Tension on the oil market

By 23/04/2019News
dax

23.04.2019 – Daily Report. It seems like, the brokers in Frankfurt are taking it easy after Easter. New impulses should come from some economic data and the US balance sheet season. The situation on the oil market is far more interesting: There, the US administration has slightly shocked investors with the deletion of the last exceptions to the Iran sanctions. This could also torpedo the negotiations between China and the USA in the customs dispute – and thus bring the stock markets to their knees.

Waiting in Frankfurt

News was thin on the ground on the German stock exchange, just as it was in global trading. The DAX, for example, crumbled slightly at the start of the new trading week, and the index was just under 12,200 points in the morning. Investors first took profits; The DAX had risen to its highest level for six months on Maundy Thursday in the course of trading; the leading index ended the day around half a percent firmer at 12,222 points. On Tuesday, investors once again focused their attention on the Wirecard share, which at times slumped by around 7 percent after the end of the short-selling ban. The financial supervisory authority Bafin had issued the ban for two months as a precautionary measure against short attacks.
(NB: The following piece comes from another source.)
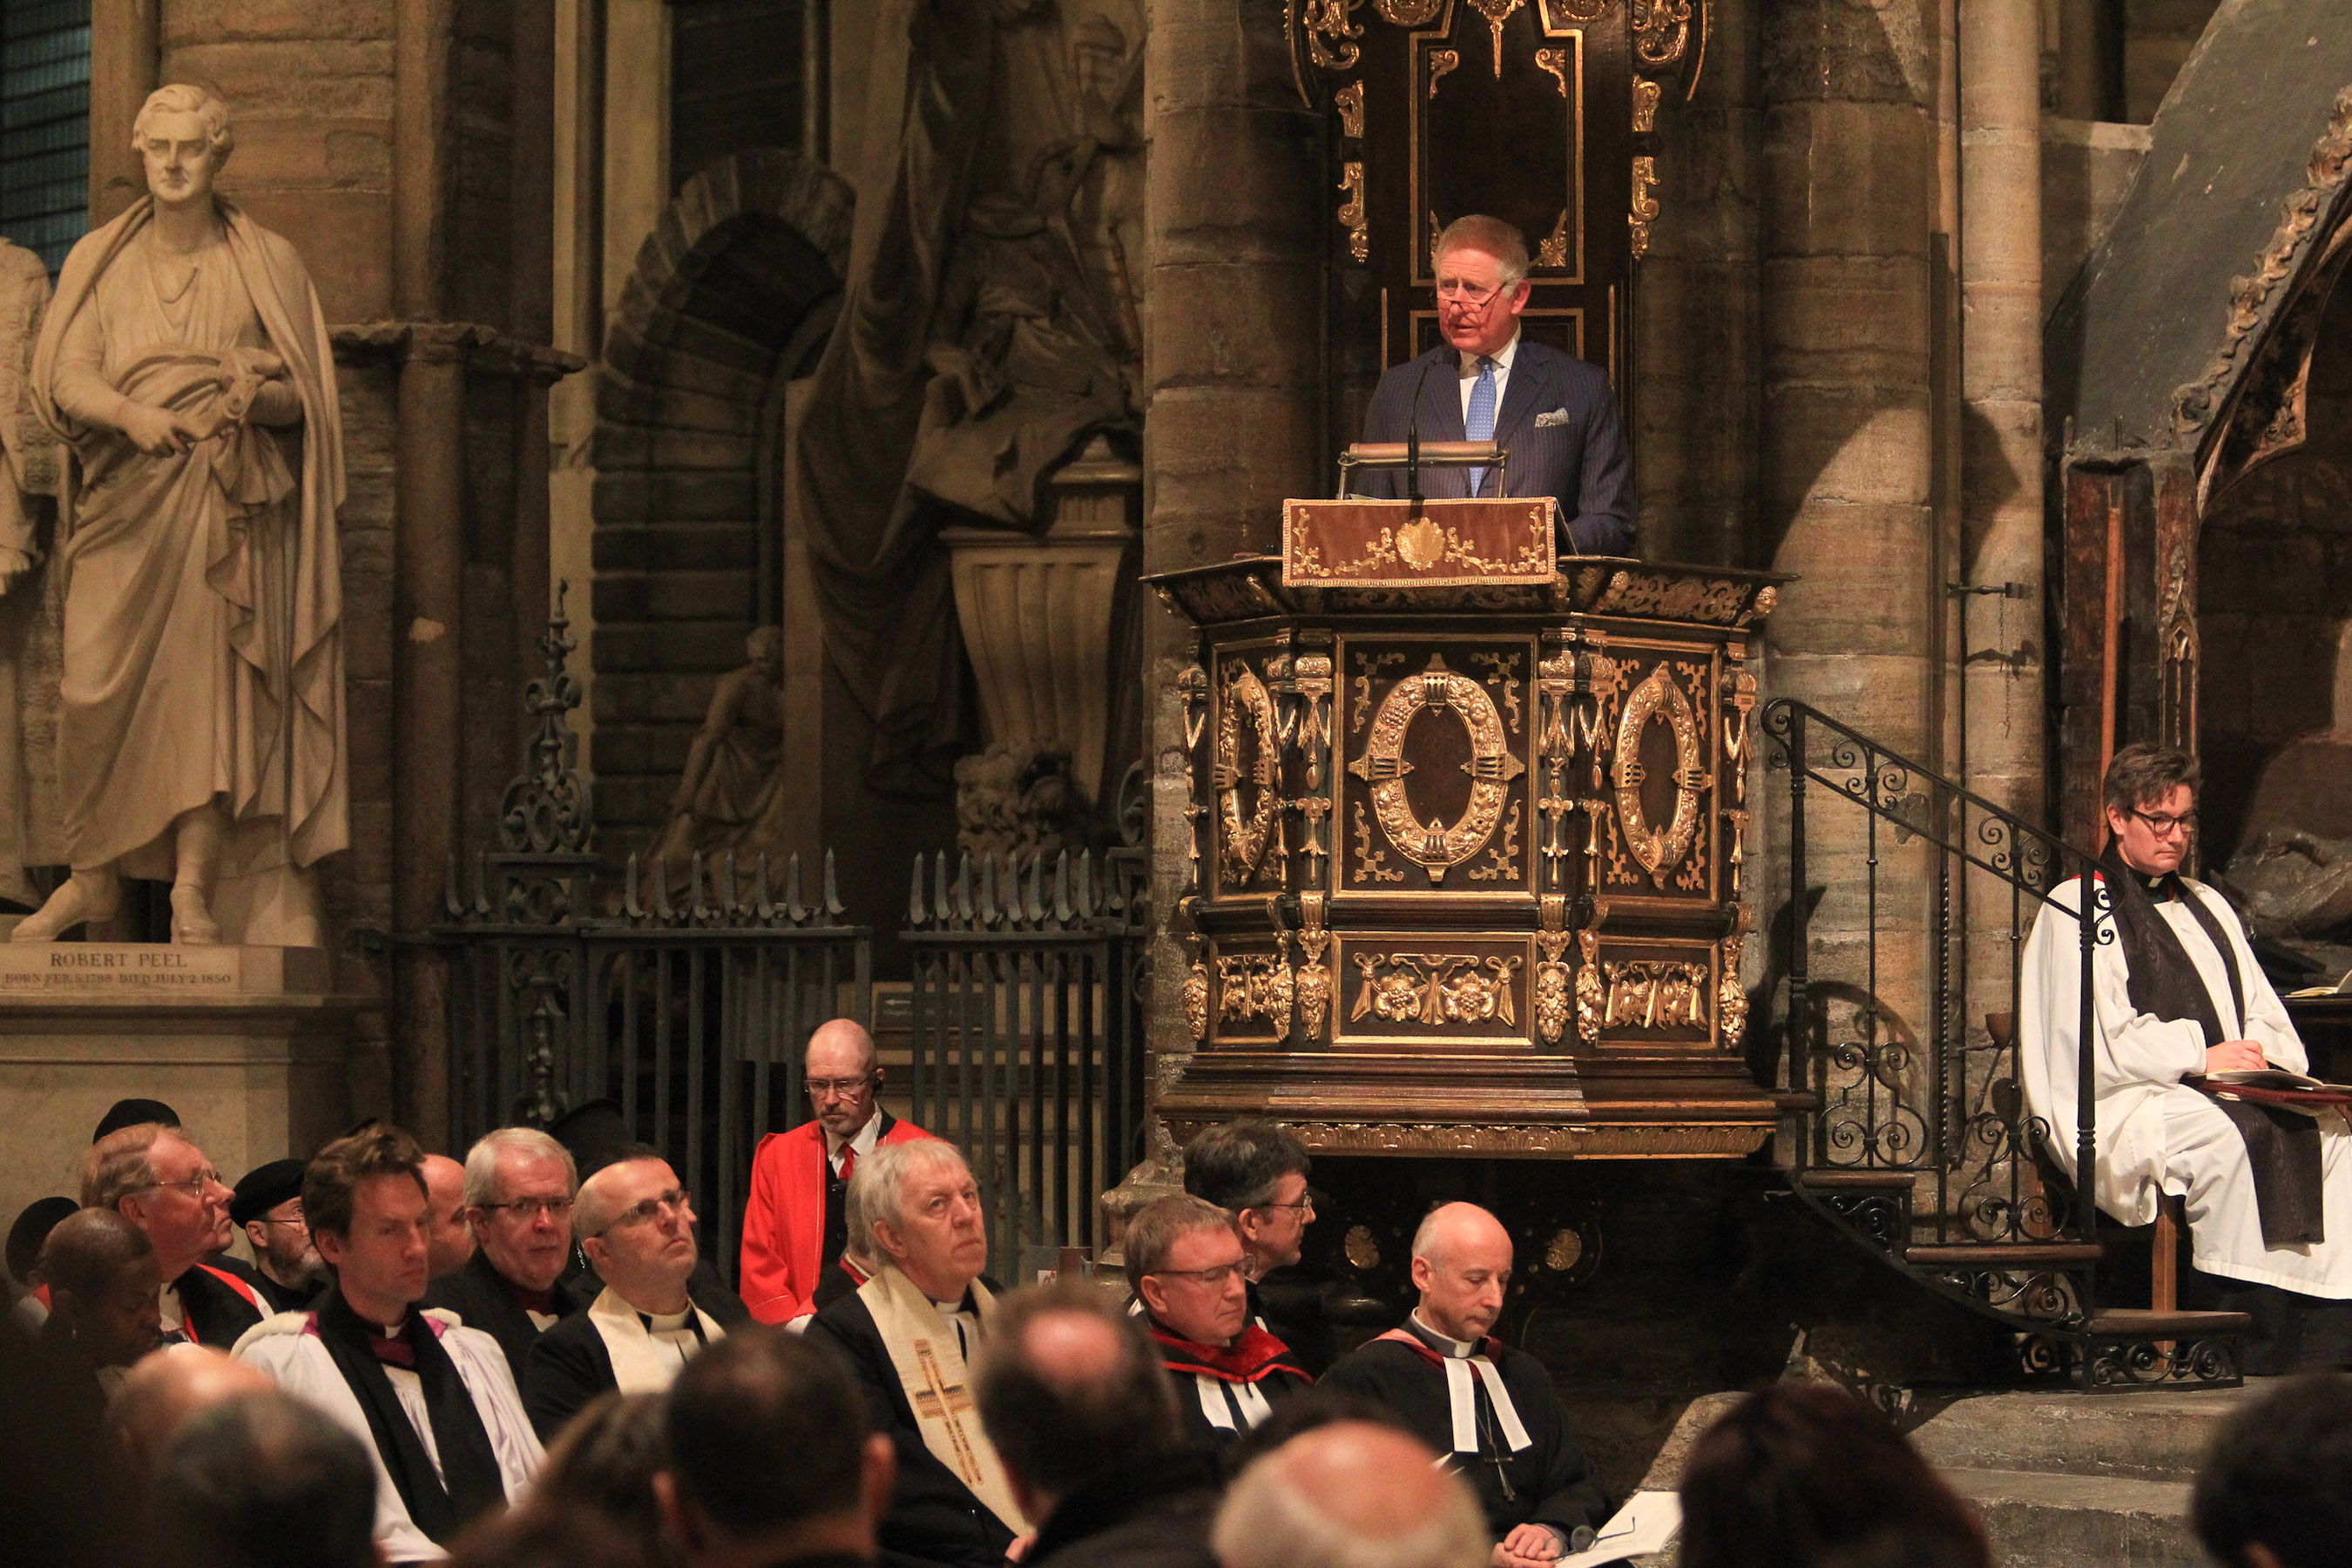 His Royal Highness The Prince of Wales, Prince Charles gives his Testimony ©Andrew Dunsmore/Westminster Abbey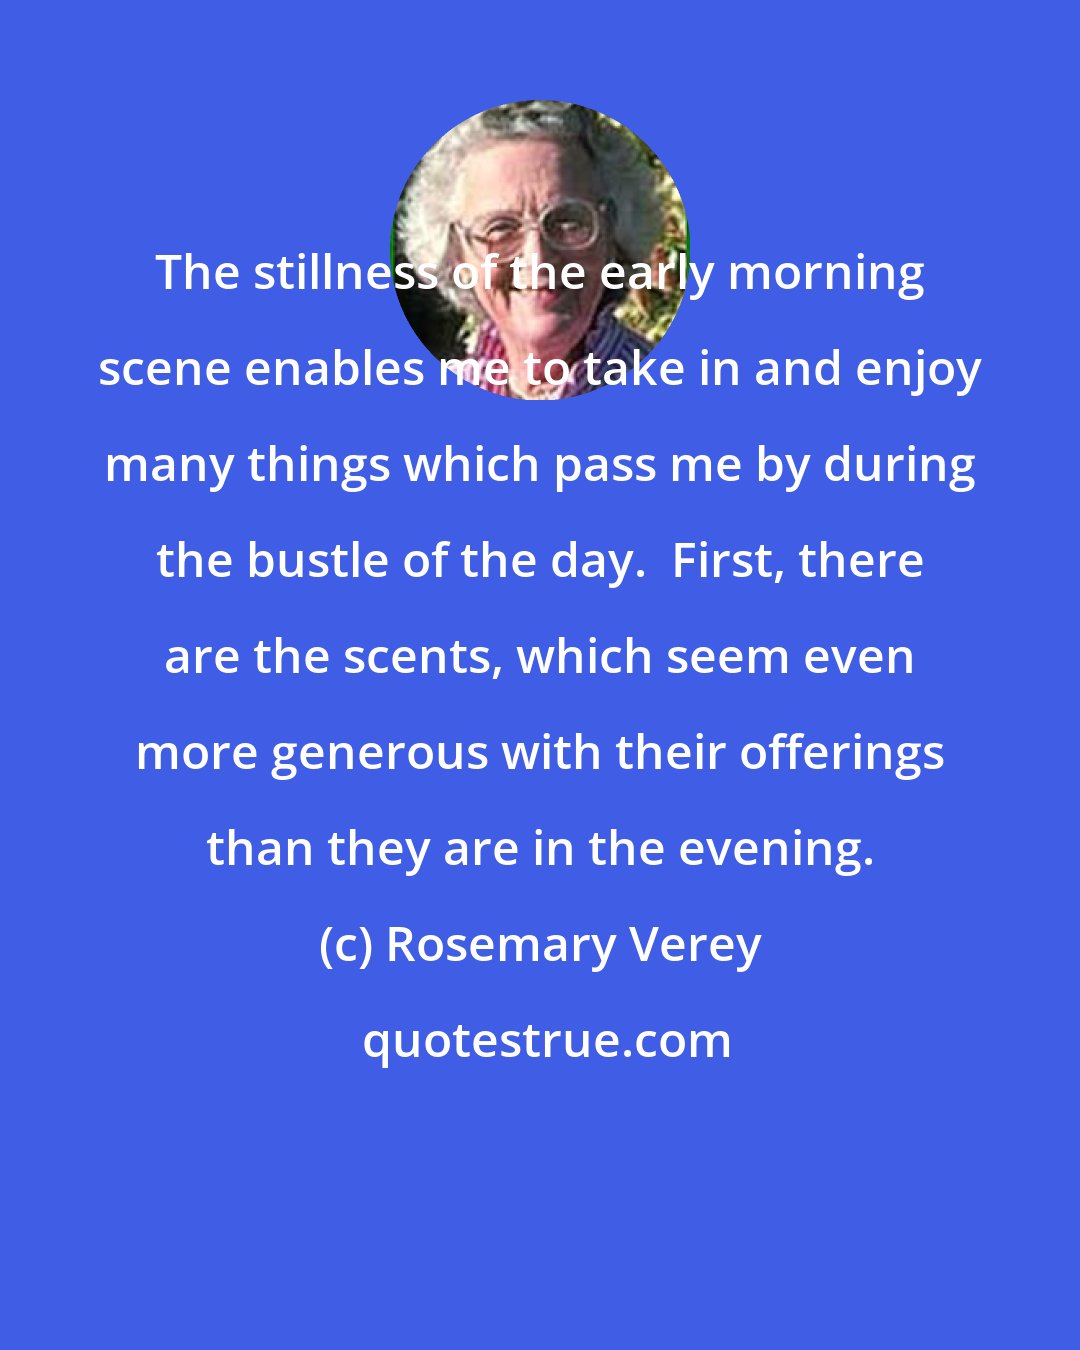 Rosemary Verey: The stillness of the early morning scene enables me to take in and enjoy many things which pass me by during the bustle of the day.  First, there are the scents, which seem even more generous with their offerings than they are in the evening.

Iran sanctions versus China deal

The biggest activity was in the energy market – volatility seems to be pre-programmed in the coming weeks, which will not shock professional CFD traders. The White House surprised investors on Easter Monday with the announcement that the last exceptions to the oil sanctions against Iran would expire on May 1st. After US Secretary of State Mike Pompeo’s press conference, oil prices rose to a six-month high. Many investors had expected the special arrangements to be extended. The market already seems tense to many traders anyway, as supply shortfalls in the crisis countries Venezuela and Libya are already scarce.
In May last year, the US allowed eight countries to continue importing Iranian oil to a limited extent – including China and India, which are still buying crude in Iran. And this is a link to the stock market: Wall Street is not the only one hoping for a deal in the customs dispute between the People’s Republic of China and the USA. The negotiations could be jeopardized by the new irritant topic of Iran oil.

How will OPEC react?

US President Donald Trump wants to force the mullah regime to stop its nuclear weapons program, stop missile testing and stop supporting terrorist groups in the Middle East. The Iranian gap is to be closed by Saudi Arabia and other OPEC countries, the president twittered. Trump also explained that he expects the oil cartel to abandon its five-month production restrictions. They have pushed up the price of oil this year. Accordingly, the inventory data for the US crude oil stocks of the American Petroleum Institute (API), which will be received today at 22.30 hrs, will become particularly important.

Asian stock markets without a clear trend

Against the background of the Iran sanctions, the Asian stock markets were restrained, especially as the balance sheet season also begins there. There was also speculation on the Chinese floor about a reduction in government stimulus packages. For example, the Chinese CSI 300 closed 0.2 percent lower at 4,019 points, while the Nikkei rose by a moderate 0.2 percent to 22,260 positions.

Wall Street listless

The oil price and bad data from the real estate market had also slowed down investors on Wall Street on Easter Monday. With an extremely low volume, the Dow Jones Industrial slipped by around 0.2 percent to 26,511 points. The S&P 500 recorded a moderate gain of 0.1 percent to 2908 positions, while the Nasdaq 100 gained 0.3 percent to 7714 points. Data on the start of construction and building permits for March had already been announced on Friday, and were worse than expected. On Monday, sales of existing real estate in March were also below forecasts.

This is what the day brings

Once again new data on the US real estate market will arrive today at 16:00, then the new buildings sold will be reported for March in the United States.
At the same time, the consumer confidence index in the Euro-Zone is ticking in April.
Meanwhile, the US balance season continues: Coca-Cola is to present figures before 1 p.m. German time, including Procter & Gamble and Verizon. The balance sheets of Texas Instruments and Ebay are expected after the close of trading.
We are curious to see how Wall Street, DAX and co. react and wish you successful trades with Germany’s best CFD brokers!